* **Supplied data**:
# # # # # # #
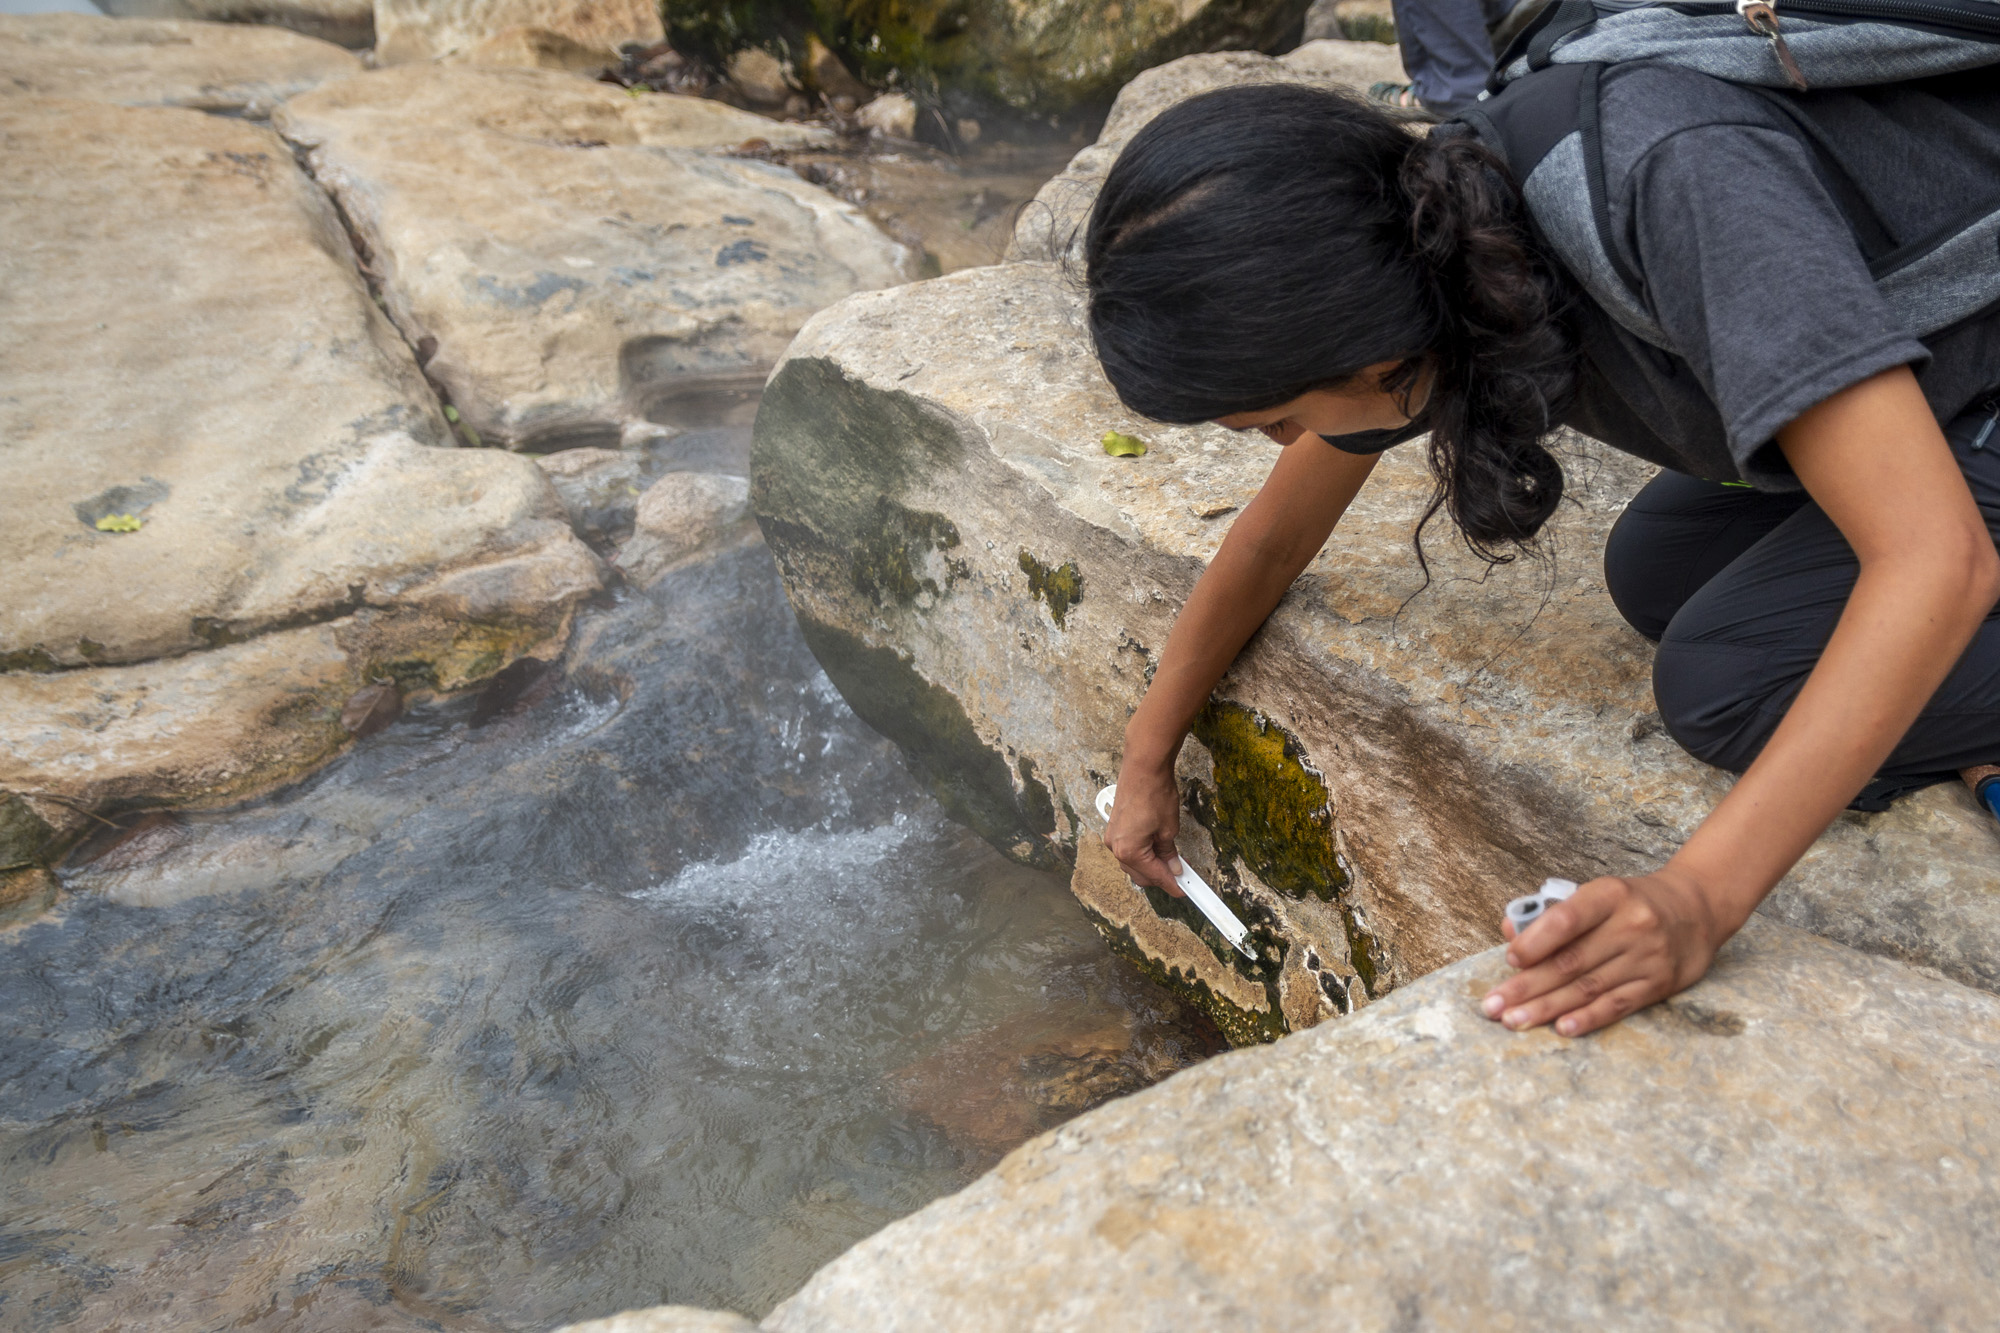 Rosa Vasquez collects samples from the Boiling River
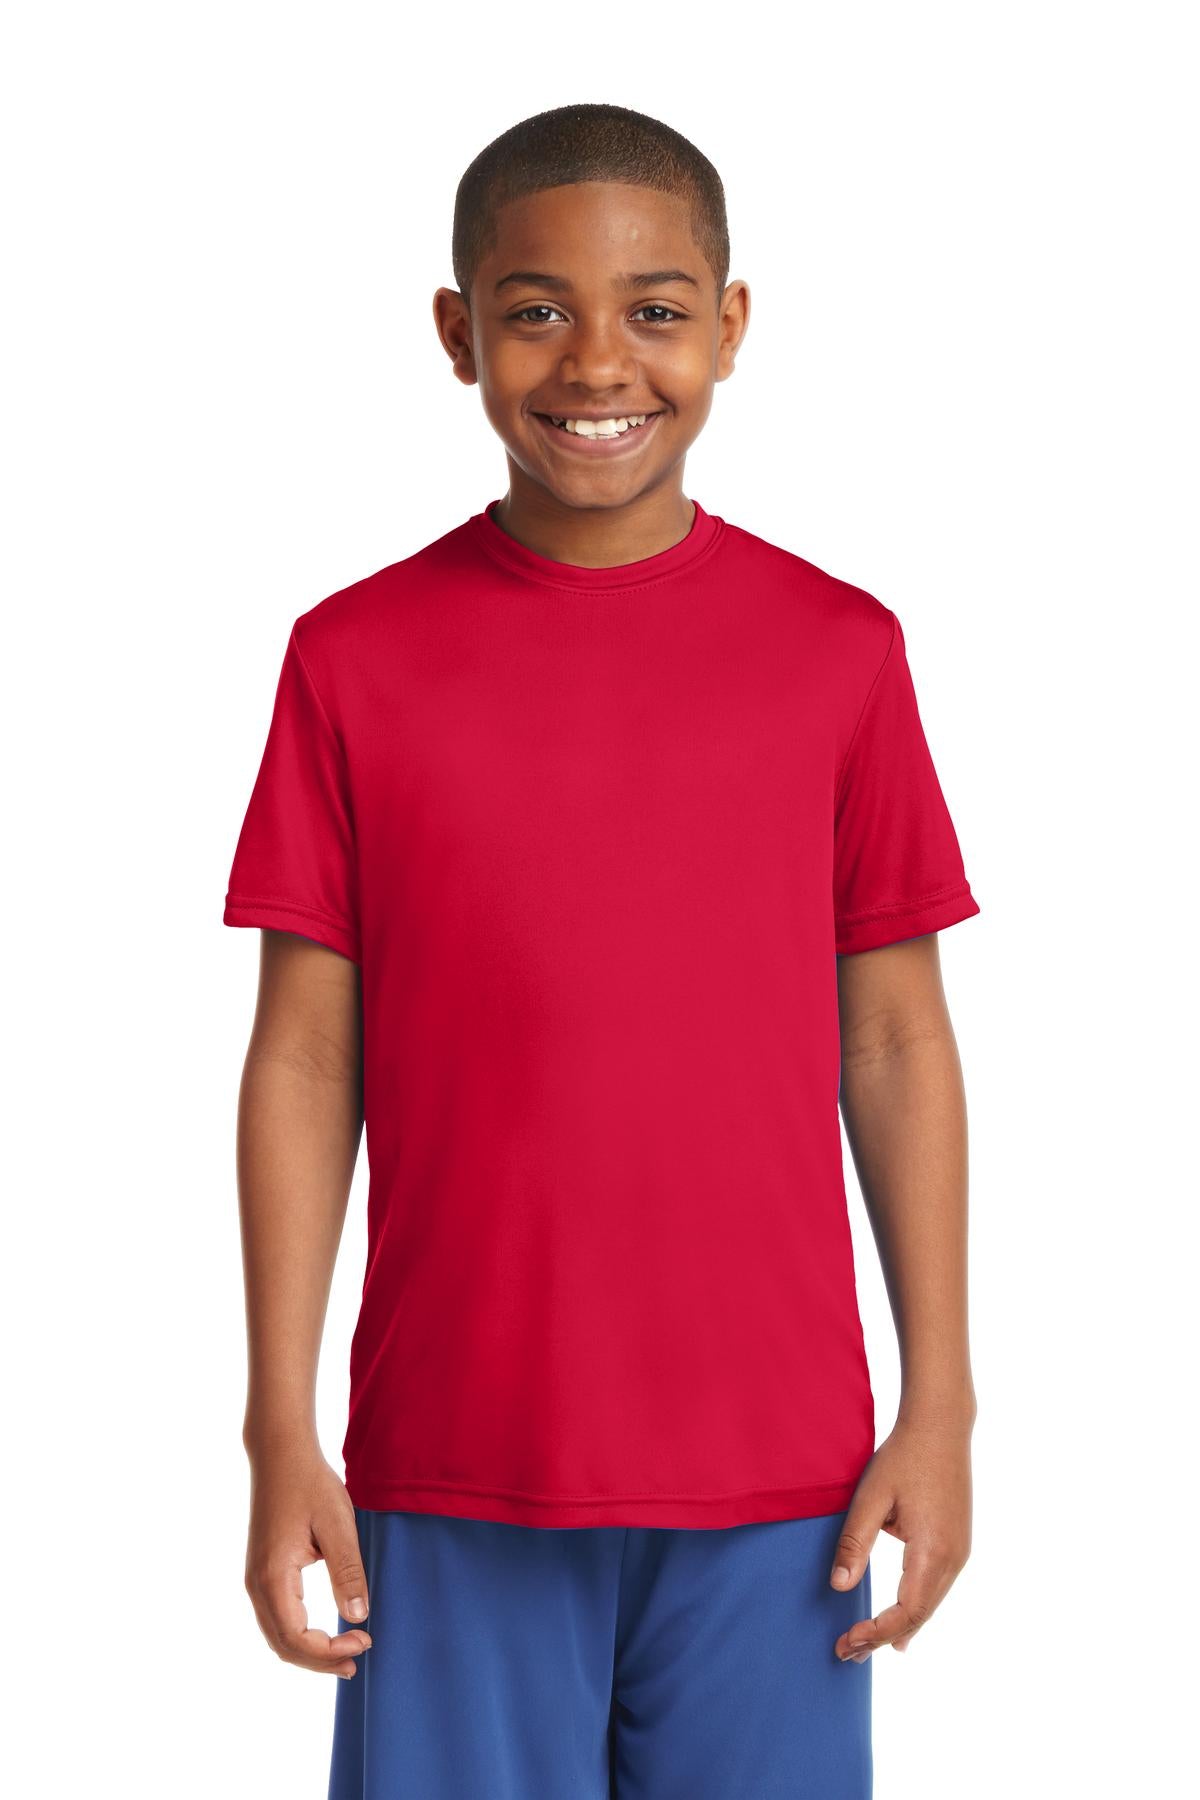 Next LevelSport-Tek® Youth PosiCharge® Competitor™ Tee. YST350
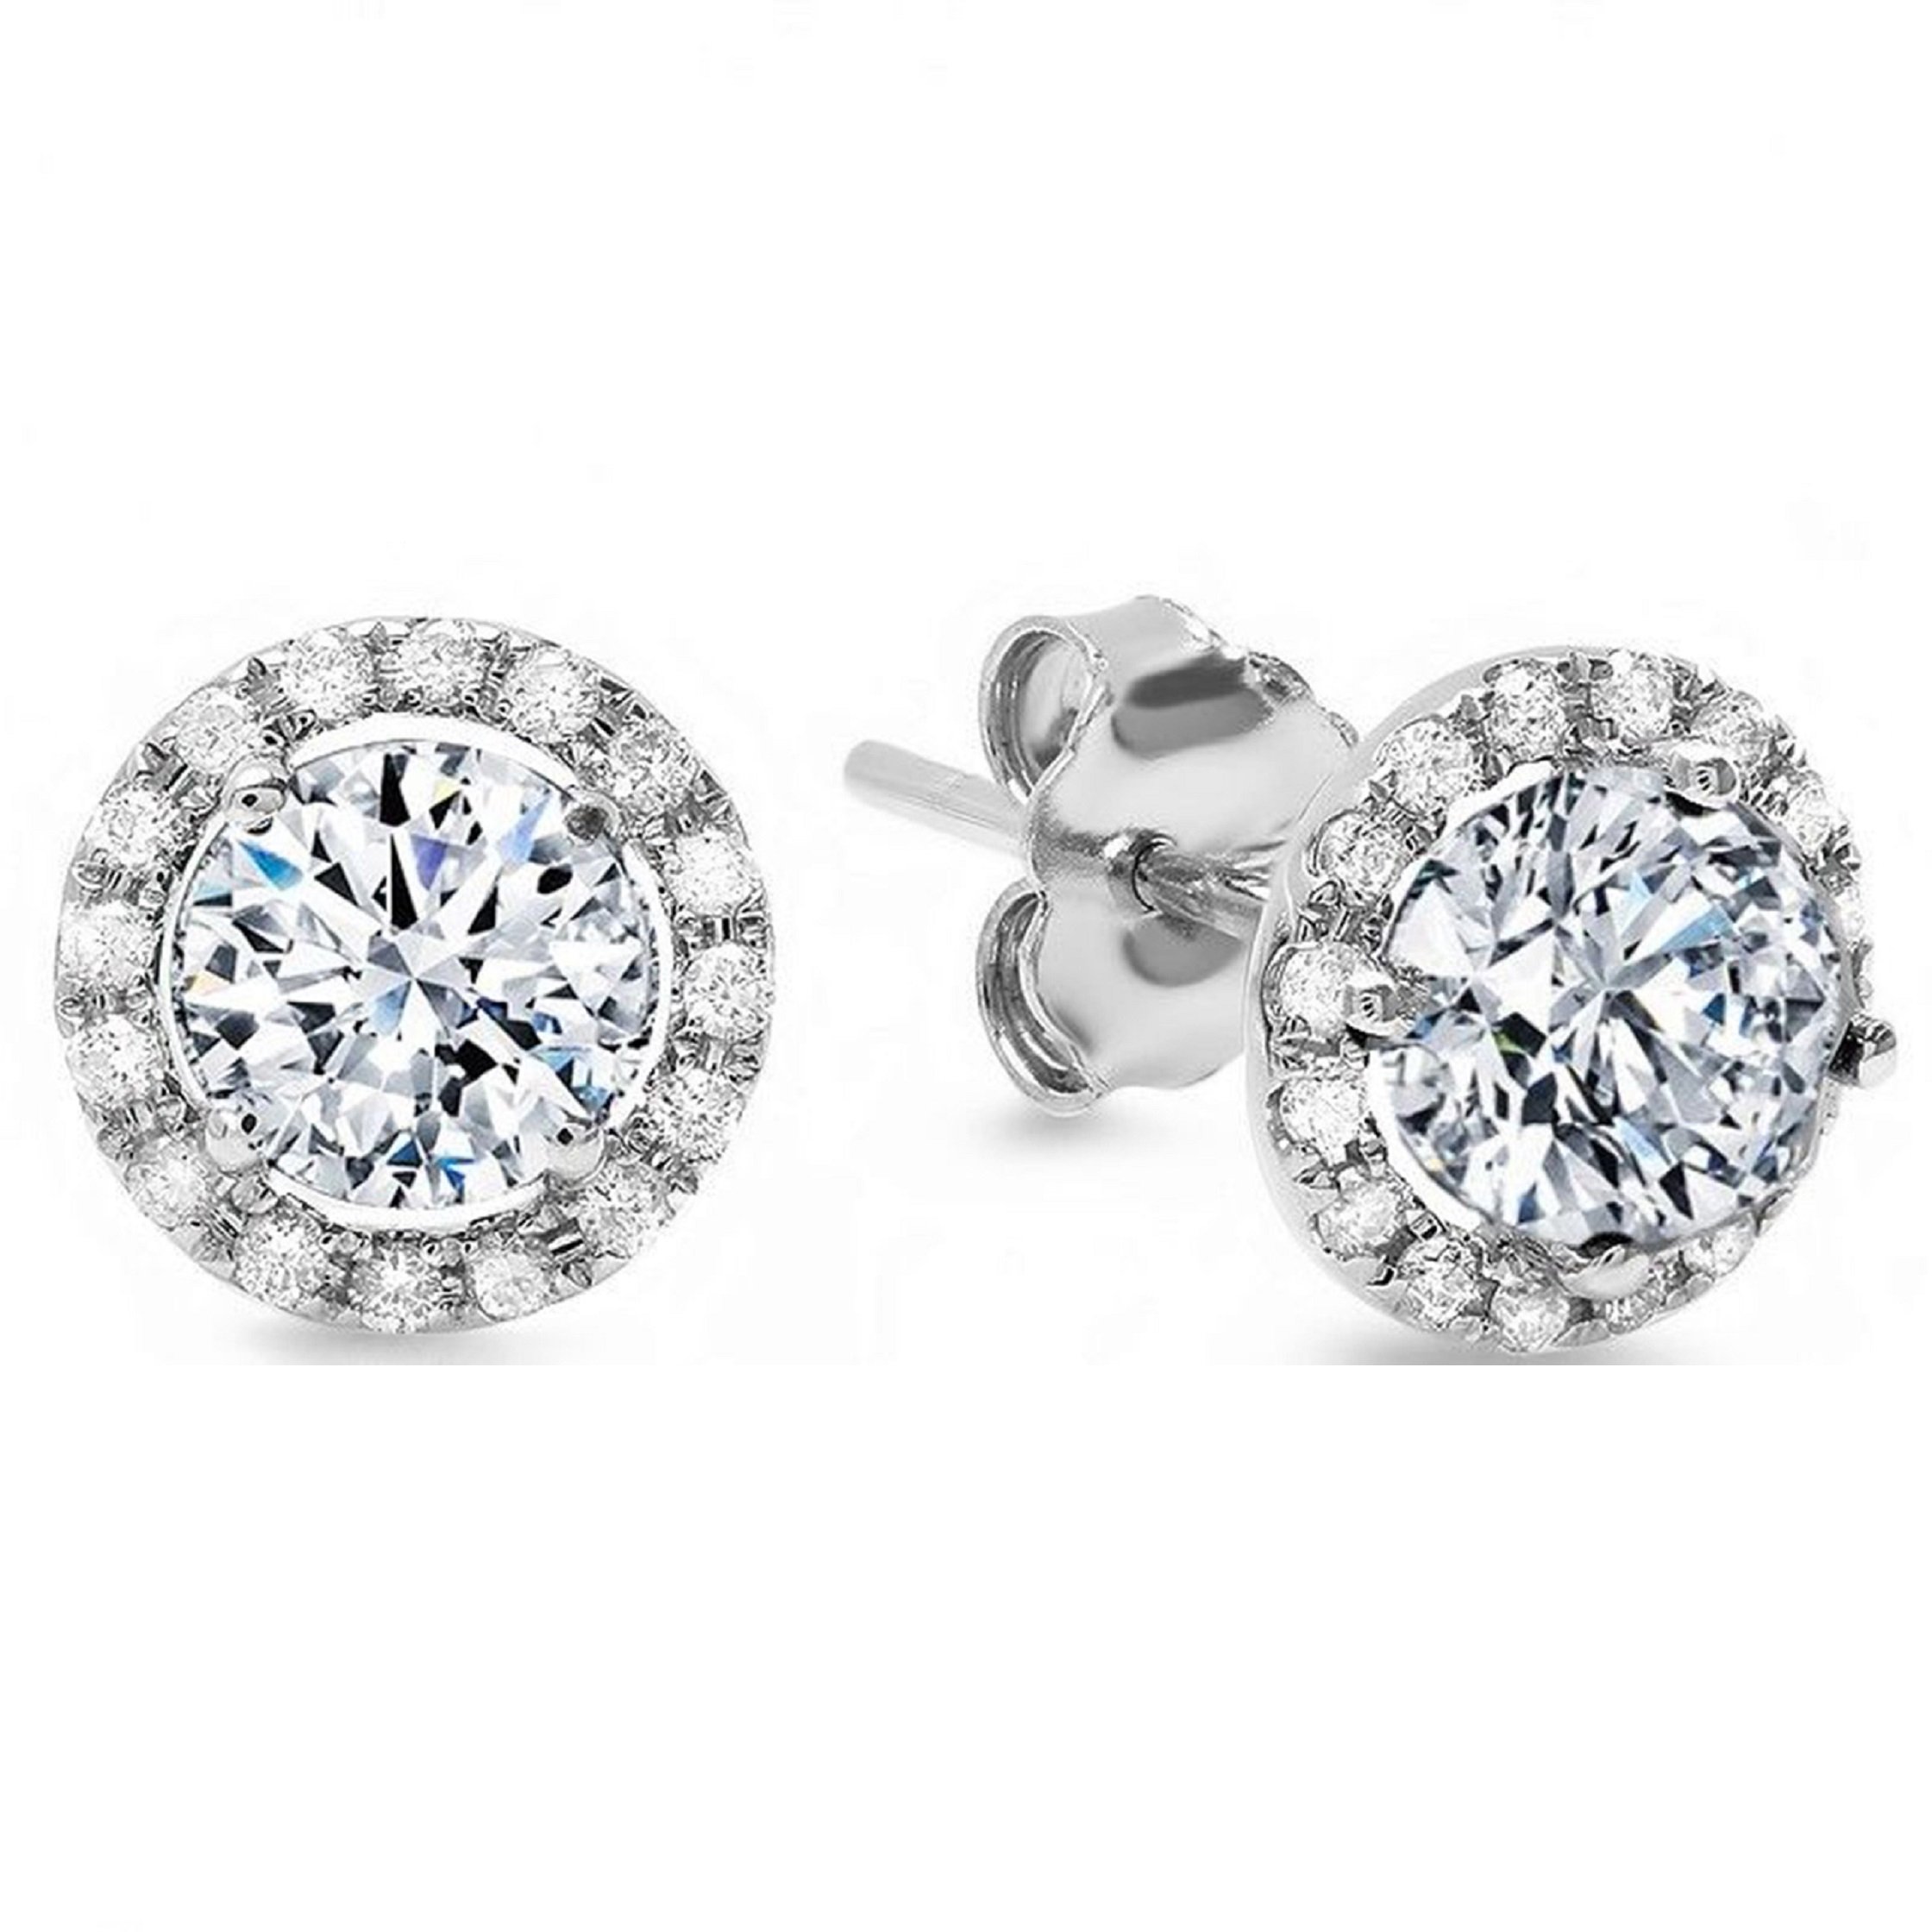 1.54cttw Round Cut ideal VVS1 Conflict Free Gemstone Halo Solitaire Genuine Moissanite Unisex Designer Solitaire Stud Screw Back Earrings Solid 14k White Gold
# # # # # # #
* **Exercise**: Give back the whole listing exactly as it stands. Drop every picture.

* **Result**:
 Rosa Vasquez collects samples from the Boiling River
 Next LevelSport-Tek® Youth PosiCharge® Competitor™ Tee. YST350
 1.54cttw Round Cut ideal VVS1 Conflict Free Gemstone Halo Solitaire Genuine Moissanite Unisex Designer Solitaire Stud Screw Back Earrings Solid 14k White Gold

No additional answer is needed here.